With a glitter of wiggly braid they came, with a clatter of forms and files
The little A.P.’s they swarmed like bees, the Commodores stretched for miles
Post-Captains came with hats aflame, and Admirals by the ell
And which of the lot was the biggest pot there was never a man could tell.

They choked the staggering quarter-deck and did the thing no good
They hung like tars on the mizzen-spars (Or those of the crowd that could)
Far out of view still streamed the queue when the moke said, “Well I’m blowed
If I’ll compete with the whole damn Fleet,” and he pushed off down the road.

And the great ship she sailed after him, though the Lord knows how she did
With her gunwales getting a terrible wetting and a brace of her stern sheets hid
When up and spoke a sailor-bloke and he said, “It strikes me queer
And I’ve sailed the sea in the R.N.V. this five and forty year.

“But a ship as can’t ‘old ‘arf ‘er crew, why, what sort of a ship is ‘er?
And oo’s in charge of the pore old barge if dangers do occur?
And I says to you, I says, ‘Eave to, until this point’s agreed.”
And some said, “Why?” and the rest, “Ay, ay,” but the mule he paid no heed.

So the old beast hauled and the Admirals bawled and the crew they fought like cats
And the ship went dropping along past Wapping and down by the Plumstead Flats
But the rest of the horde that wasn’t aboard they trotted along the bank
Or jumped like frogs from the Isle of Dogs, or fell in the stream and sank.

But while they went by the coast of Kent up spoke an aged tar
“A joke’s a joke, but this ‘ere moke is going a bit too far
I can tell by the motion we’re nearing the ocean - and that’s too far for me.”
But just as he spoke the tow-rope broke and the ship sailed out to sea.

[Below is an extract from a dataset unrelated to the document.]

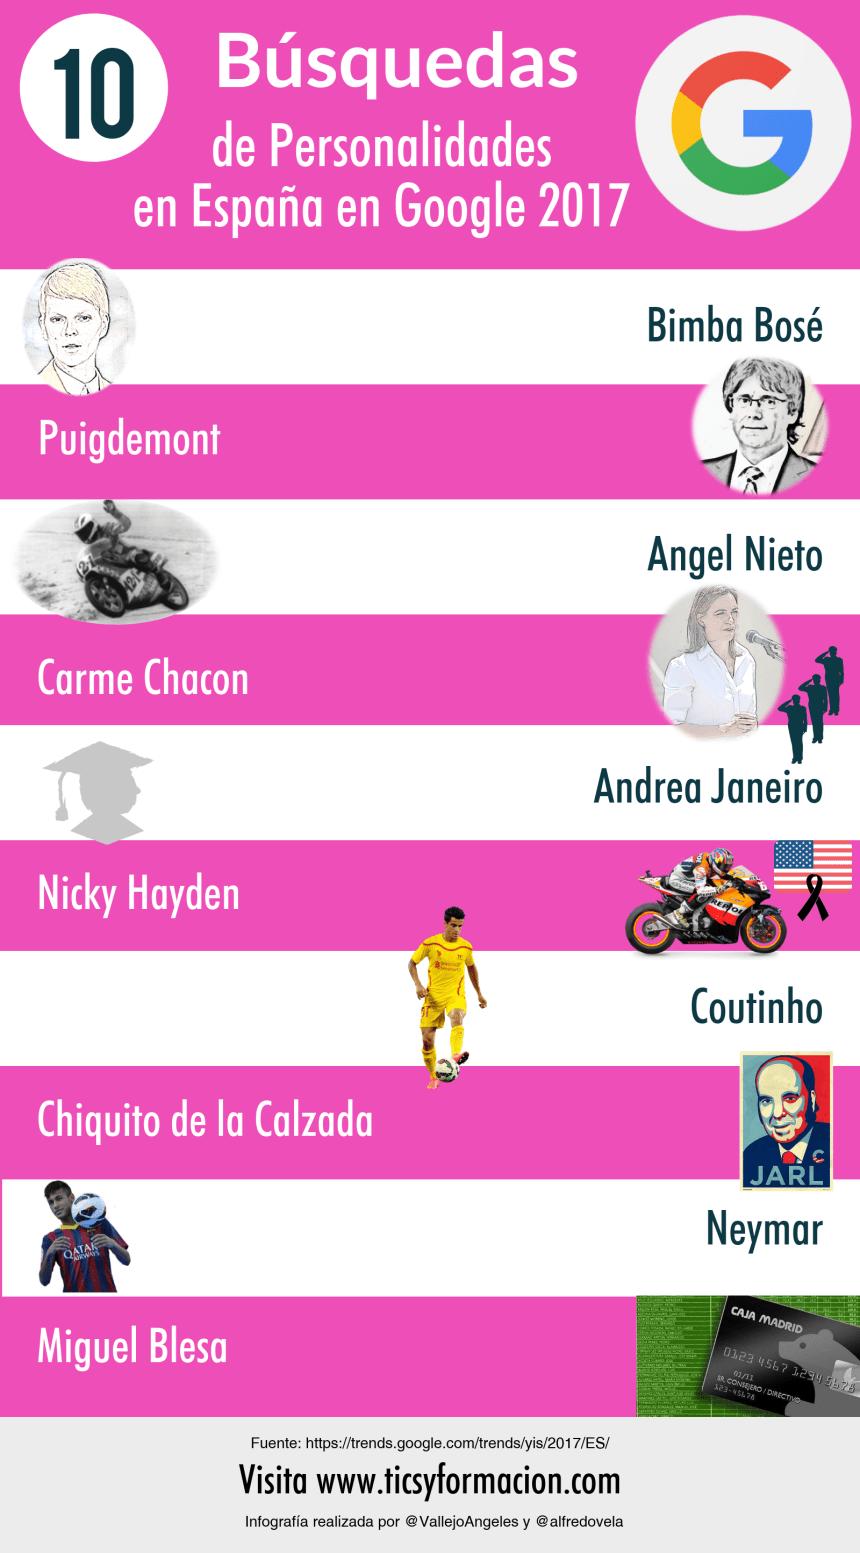 Top 10 personas más buscadas en Google en España 2017

And somewhere out on the deep, no doubt, they probe the problems through
Of who’s in charge of the poor old barge and what they ought to do
And the great files flash and the dockets crash and the ink-wells smoke like sin
But many a U-boat tells the tale how the President did her in.

For many have tried to pierce her hide and flung torpedoes at her
But the vessel, they found, was barraged around with a mile of paper matter
The whole sea swarms with Office Forms and the U-boats stick like glue
So nothing can touch the President much, for nothing at all gets through.

But never, alack, will the ship come back, for the President she’s stuck too!